A scale to weigh the Eshari, and what power they could possess—in which in return, assess the benefits they would gain.
And that was what the nobles waited for.
The gleam in their eyes said more than words ever could.
They were not here to admire an orb of light or witness some sacred ritual—
They were here for assets.
For them, every "test" was a marketplace, and every Eshari that stepped forward was a potential weapon, tool, or investment waiting to be claimed.
When opportunities like these presented themselves, it was only natural that men and women of noble blood gathered like hawks circling prey. Influence was a currency, and this event was the exchange.
Power, after all, meant little without the hunger to take more of it.
As what is power without greed for a man that bleeds blue?
And by "blue," it meant those who were born into noble blood—a phrase that had echoed through generations across the continent of Vrynn.
It was a saying used by the proud and repeated by the ambitious:
a reminder that nobility was both privilege and poison.
The murmurs grew louder as the testing finally began.
One by one, each Eshari stepped forward and lined toward the Elder, their forms bathed in light as the orb above spun faster, humming in response to the strength within them.
The air thrummed with a strange energy—anticipation mixed with fear, awe, and greed all at once.

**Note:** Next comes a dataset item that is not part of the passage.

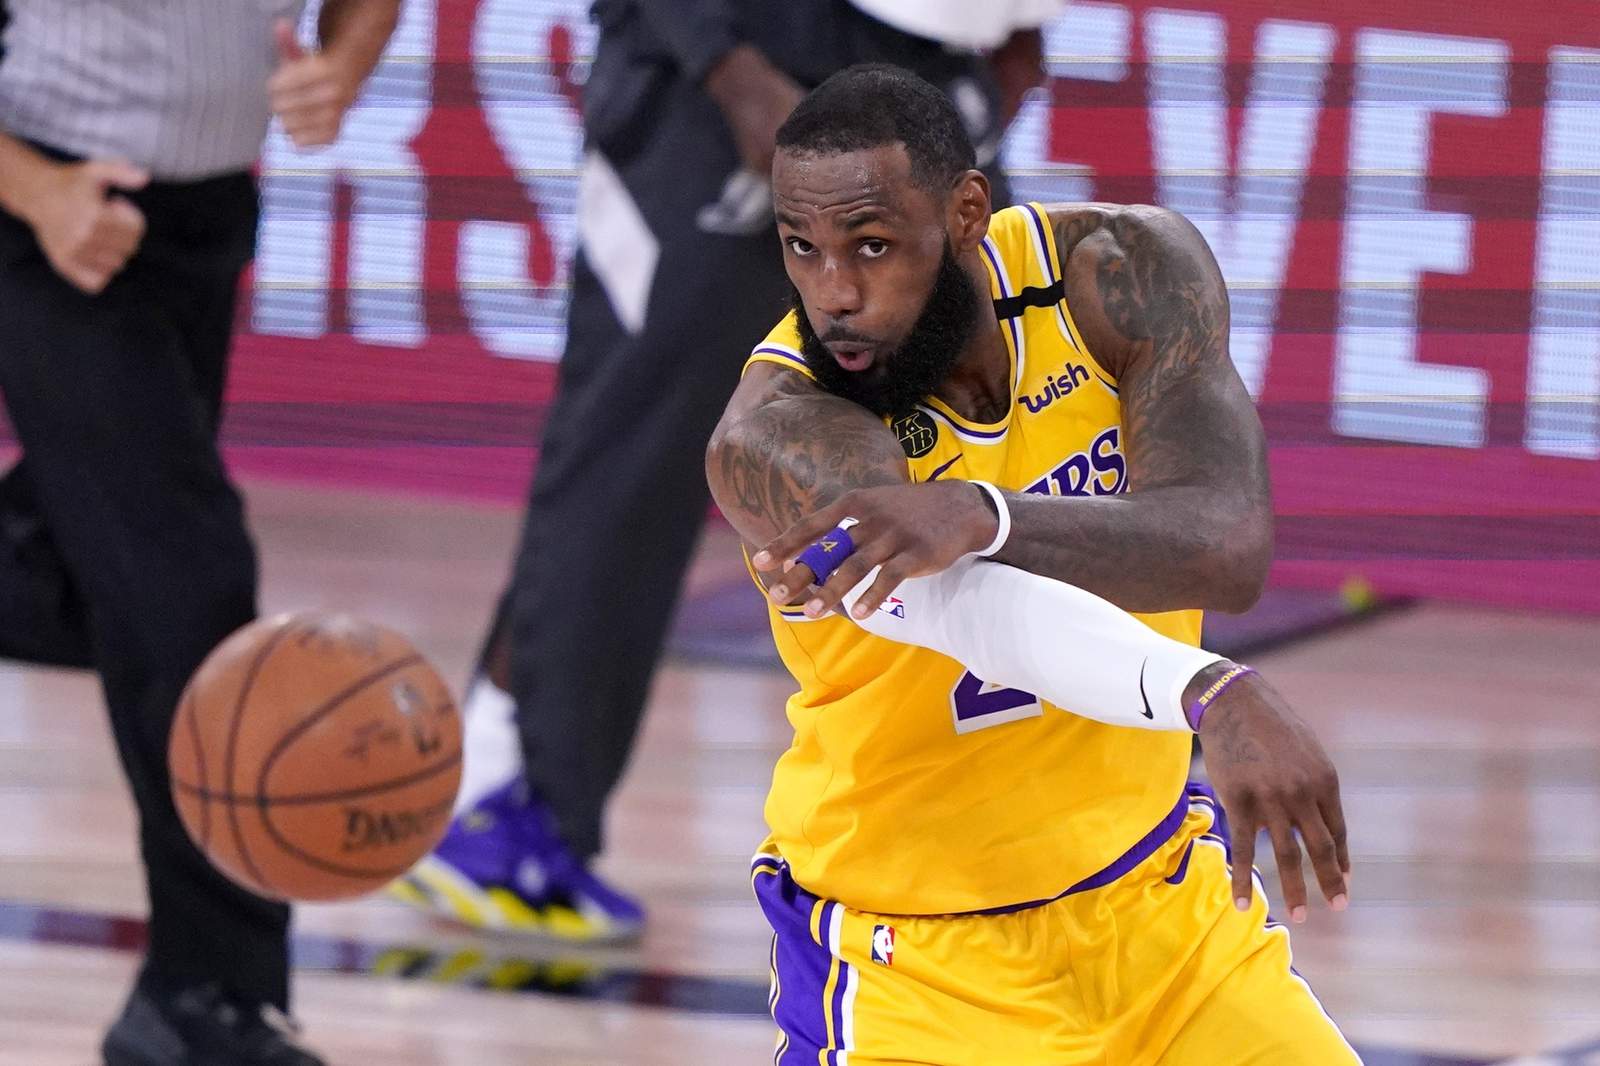 Lakers roll past Nuggets 126-114 in West finals opener
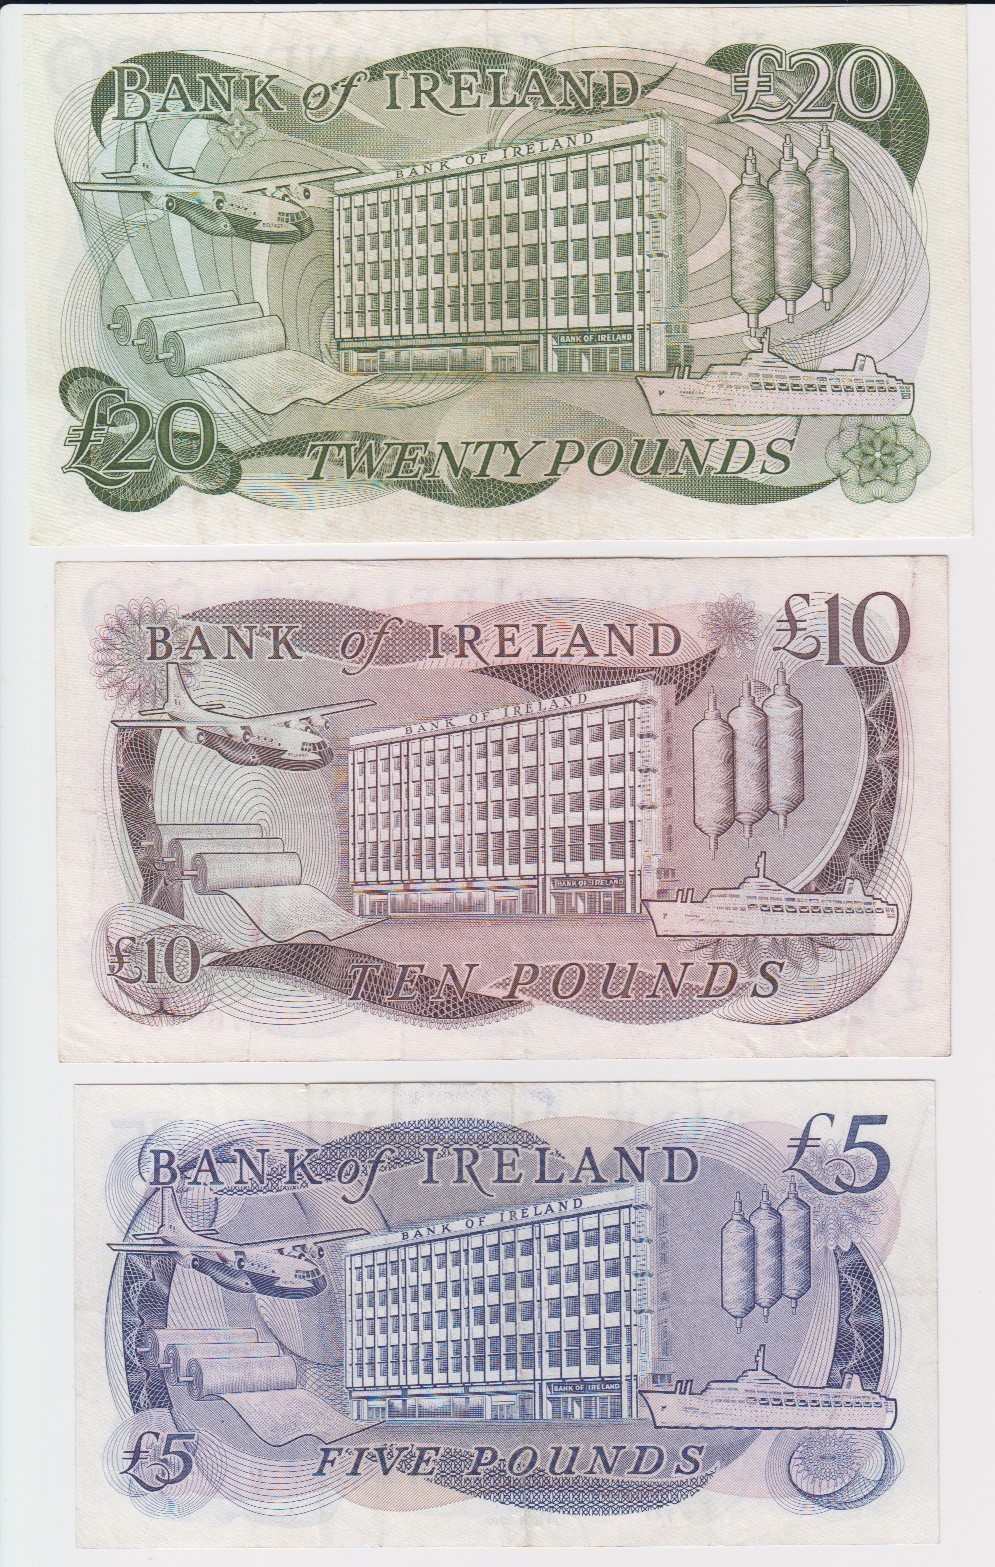 Northern Ireland, Bank of Ireland (3) 20 Pounds, 10 Pounds and 5 Pounds issued 1985, signed D.J. - Image 2 of 2

The light reflected in the nobles' eyes like a sea of fire.
Razan and Haeryn found themselves joining the growing line, their place among the countless others waiting for judgment.
Haeryn's gaze flicked toward Razan, a small breath escaping her lips.
"Funny turn of events huh?," she murmured.
"Yeah," Razan replied with a half hearted scoff, eyes narrowing slightly as he stared at the glowing orb that pulsed above like a waiting heart.
"Let's see what fate's got planned this time."